US 11,816,795 B2
	Photo-video based spatial-temporal volumetric capture system for dynamic 4D human face and body digitization
Kenji Tashiro, San Jose, CA (US); Chuen-Chien Lee, Pleasanton, CA (US); and Qing Zhang, San Jose, CA (US)
Assigned to SONY GROUP CORPORATION, Tokyo (JP)
Appl. No. 17/414,540
Filed by Sony Group Corporation, Tokyo (JP)
PCT Filed Dec. 20, 2019, PCT No. PCT/US2019/068151 § 371(c)(1), (2) Date Jun. 16, 2021, PCT Pub. No. WO2020/132631, PCT Pub. Date Jun. 25, 2020.
Claims priority of provisional application 62/782,862, filed on Dec. 20, 2018.
Claims priority of application No. PCT/US2019/068151 (WO), filed on Dec. 20, 2019.
Prior Publication US 2022/0044478 A1, Feb. 10, 2022
Int. Cl.
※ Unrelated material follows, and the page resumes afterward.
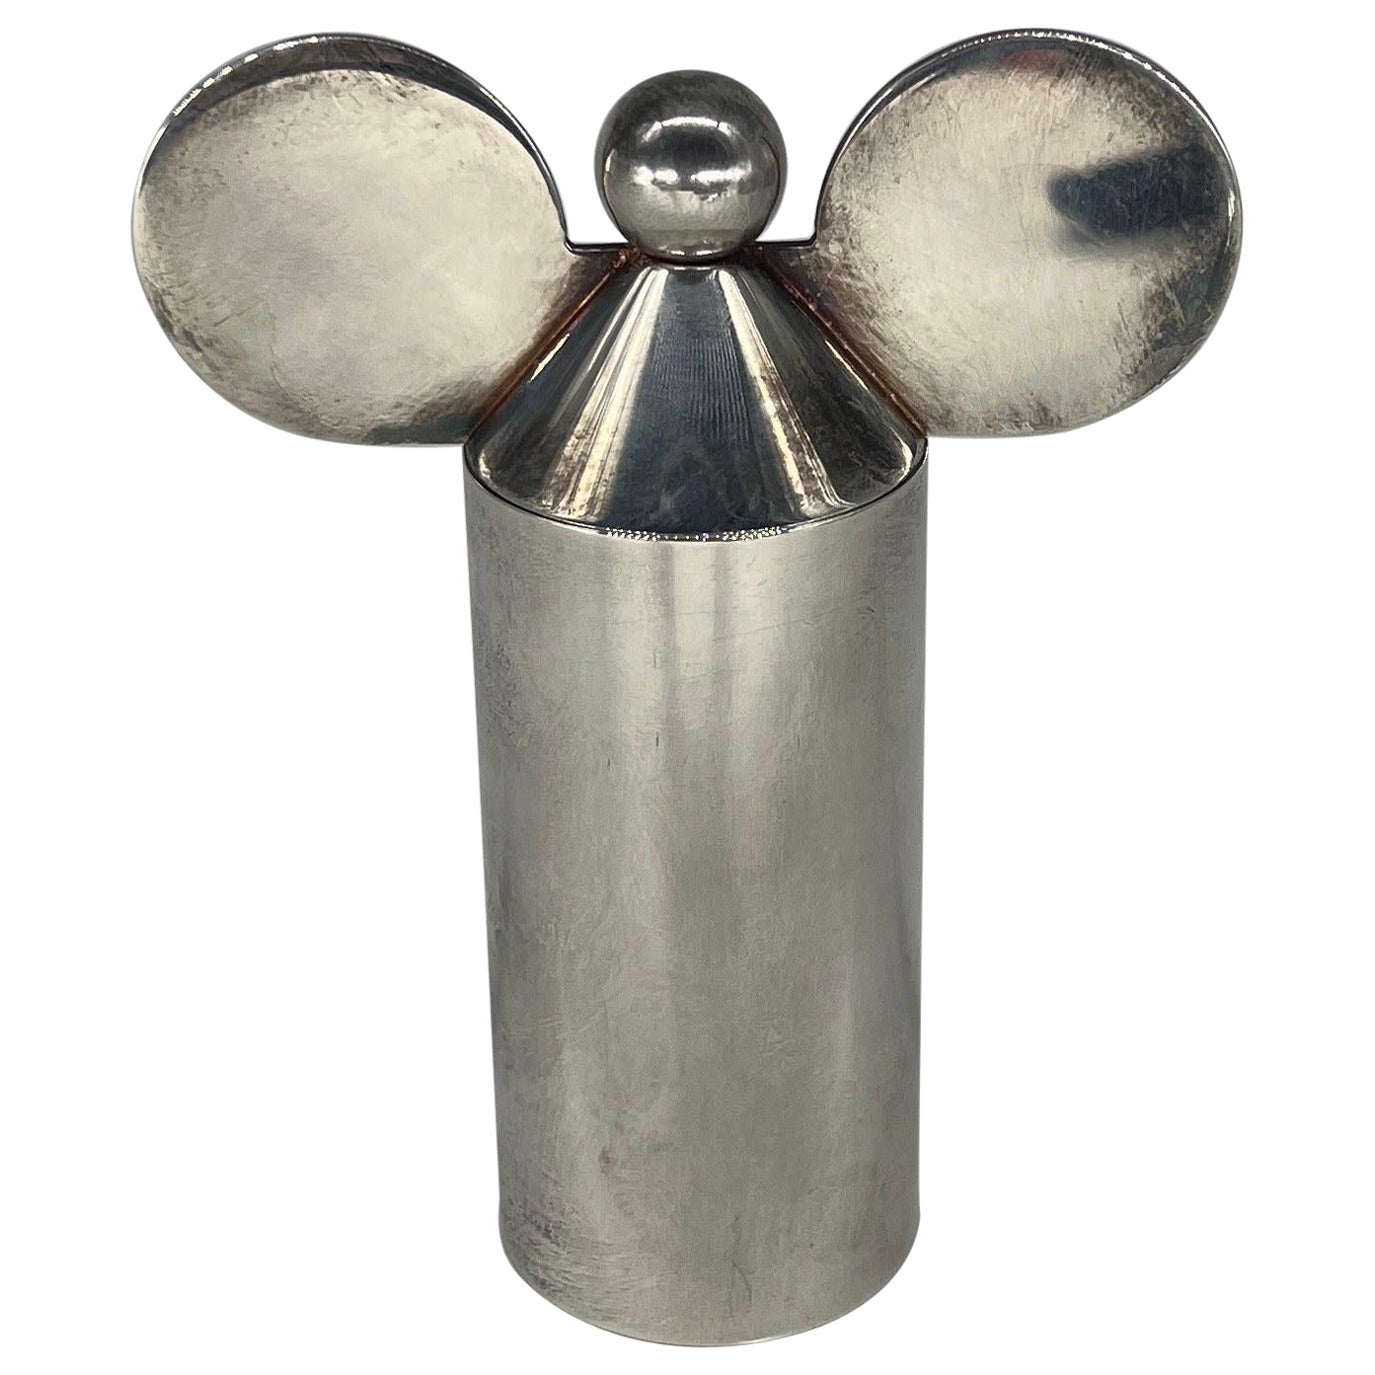 Haussmann Swid Powell "Mickey Mouse" Silver Plated Pepper Mill Grinder C. 1987

G06T 17/20 (2006.01); G06V 40/16 (2022.01); G06T 15/04 (2011.01); H04N 23/611 (2023.01); H04N 23/951 (2023.01)

CPC G06T 17/20 (2013.01) [G06T 15/04 (2013.01); G06V 40/165 (2022.01); G06V 40/171 (2022.01); H04N 23/611 (2023.01); H04N 23/951 (2023.01)]

21 Claims

1. A method comprising:

capturing content using one or more photography cameras and one or more video cameras, wherein capturing the content includes capturing dynamic facial expressions and dynamic body actions with the one or more photography cameras and one or more video cameras;

triggering, with a device, the one or more photography cameras and the one or more video cameras to acquire one or more keyframes; and

generating, with the device, one or more models based on the captured content and the one or more keyframes, wherein the one or more models are used to implement: mesh-tracking based temporal shape super-resolution on a first resolution but a first frame-rate video-based 4D scanned volumetric sequence refined by using 3D scanned second resolution, higher than the first resolution, templates at multiple keyframes, captured by both the one or more photography cameras and the one or more video cameras, for recovering second resolution, higher than the first resolution surface dynamics in an action sequence.